Article 3DF7Q Hackers seem close to publicly unlocking the Nintendo Switch

Hackers seem close to publicly unlocking the Nintendo Switch

by
Kyle Orland
from Ars Technica - All content on (#3DF7Q)
switchglitch.jpg

Enlarge / At the 34C3 conference, hacker Derrek shows the soldered FPGA setup that helped him find the decryption key necessary to unlock the system's binaries. (credit: Chaos Computer Club / YouTube)

When it comes to video game consoles, it's only a matter of time before even the most locked-down system gets unlocked by hackers for homebrew coding (and, potentially, piracy). The goal for most console makers is to hold off that day for as long as possible, to maintain their total control over the console's software ecosystem as long as they can.

For Nintendo and the nearly year-old Switch, that control seems in imminent danger of slipping away.

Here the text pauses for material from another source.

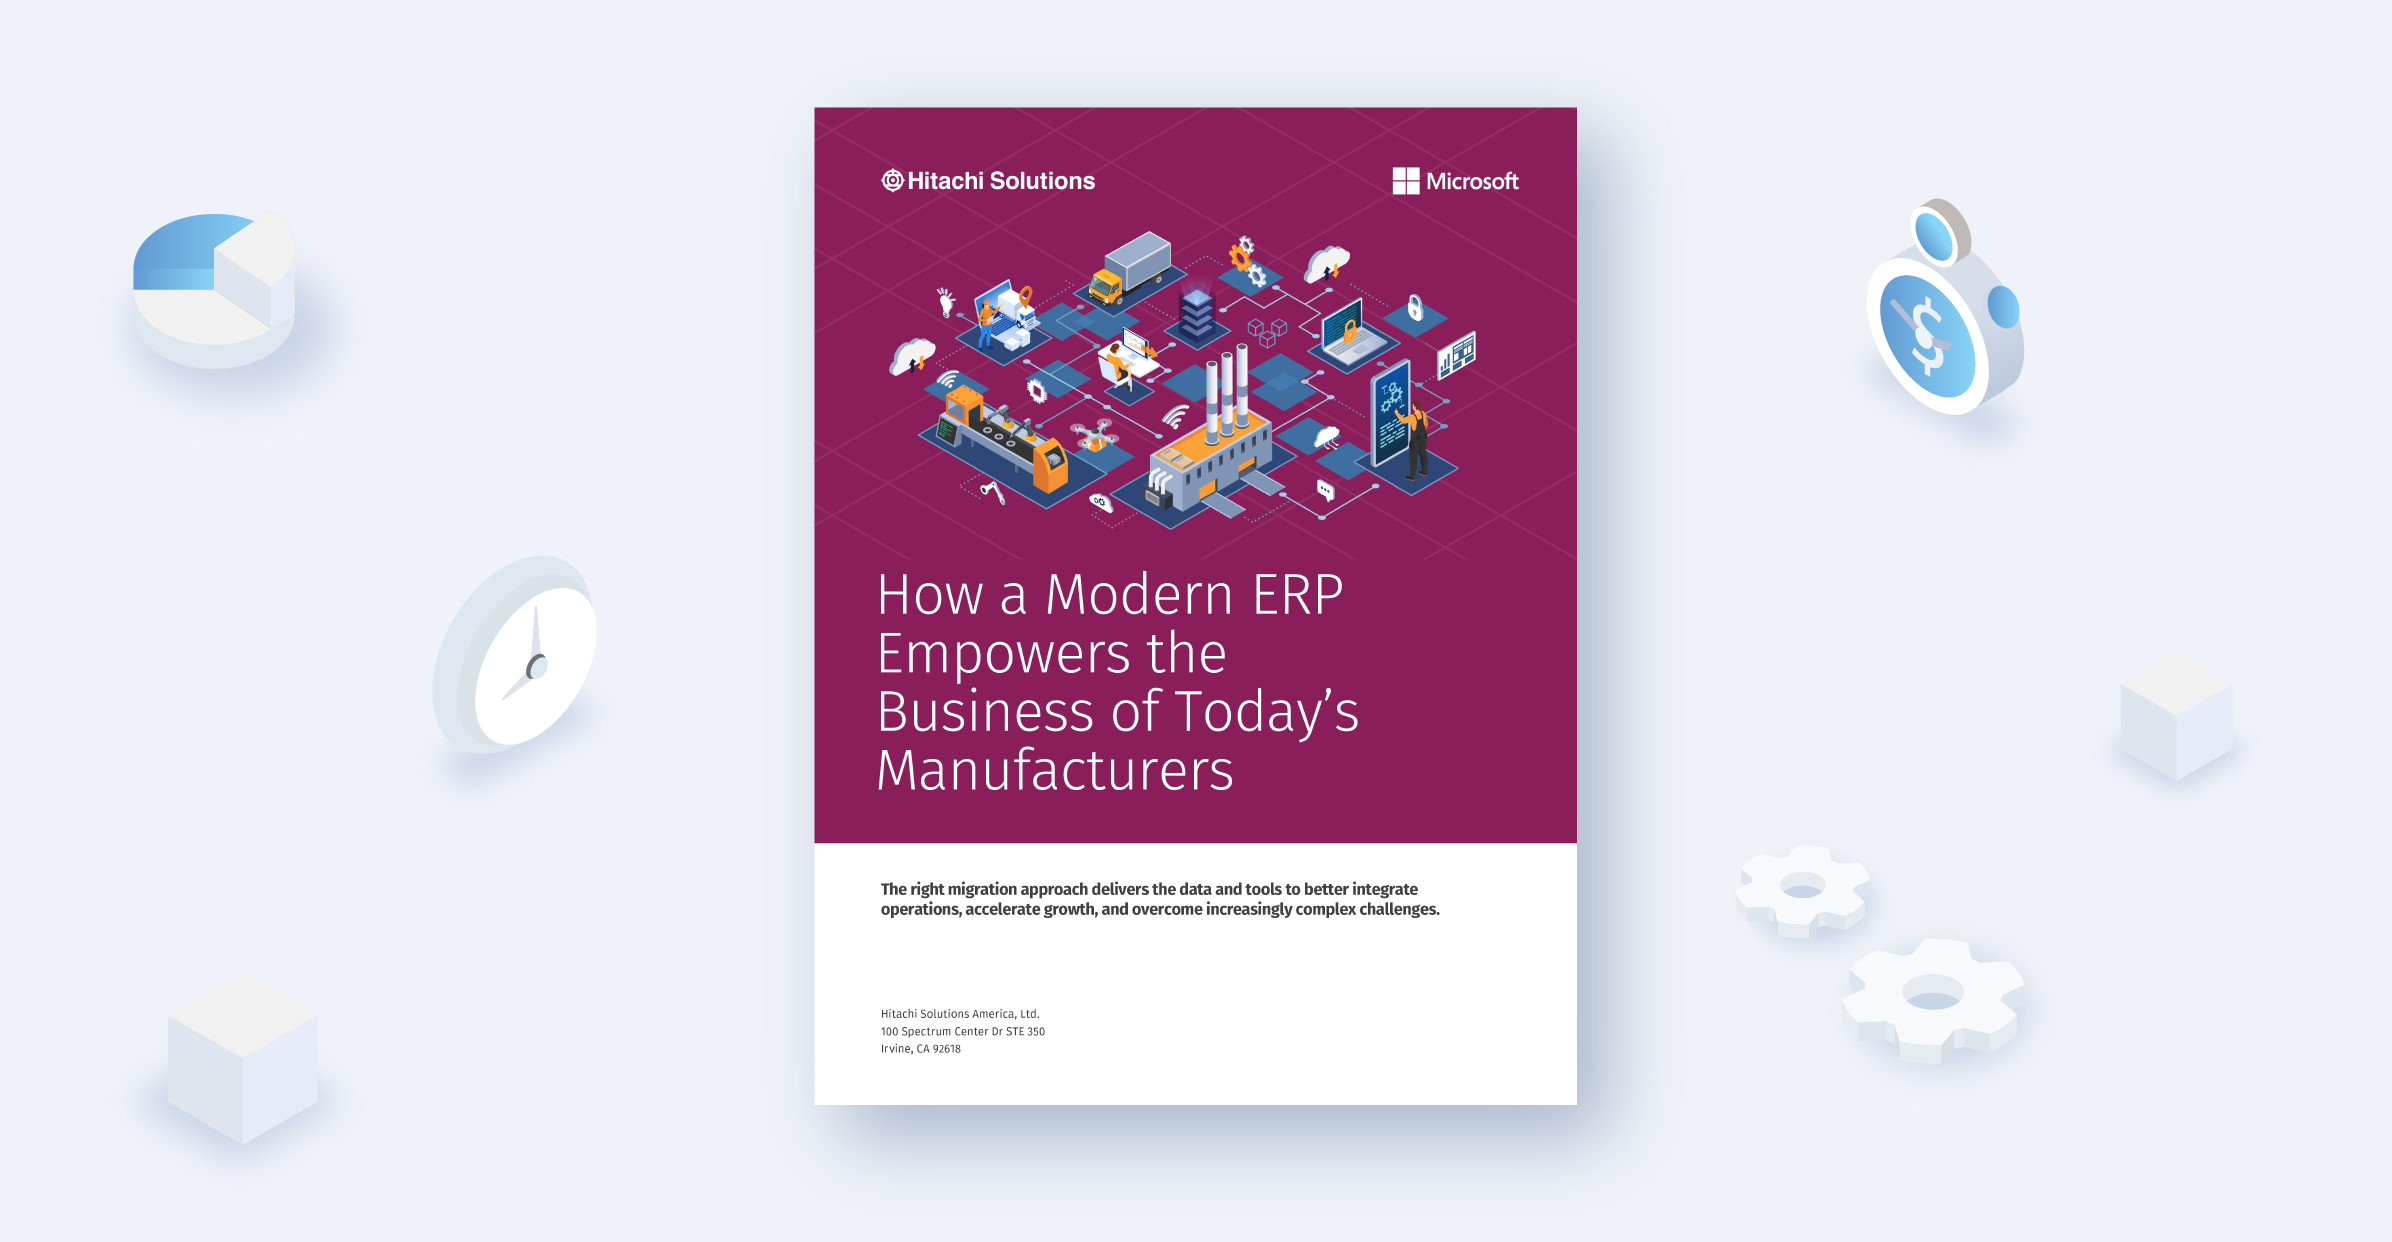 How a Modern ERP Empowers the Business of Today’s Manufacturers

Hackers have been finding partial vulnerabilities in early versions of the Switch firmware throughout 2017. Their discoveries include a Webkit flaw that allowed for basic "user level" access to some portions of the underlying system and a service-level initialization flaw that gave hackers slightly more control over the Switch OS. But the potential for running arbitrary homebrew code on the Switch really started looking promising late last month, with a talk at the 34th Chaos Communication Congress (34C3) in Leipzig Germany. In that talk, hackers Plutoo, Derrek, and Naehrwert outlined an intricate method for gaining kernel-level access and nearly full control of the Switch hardware.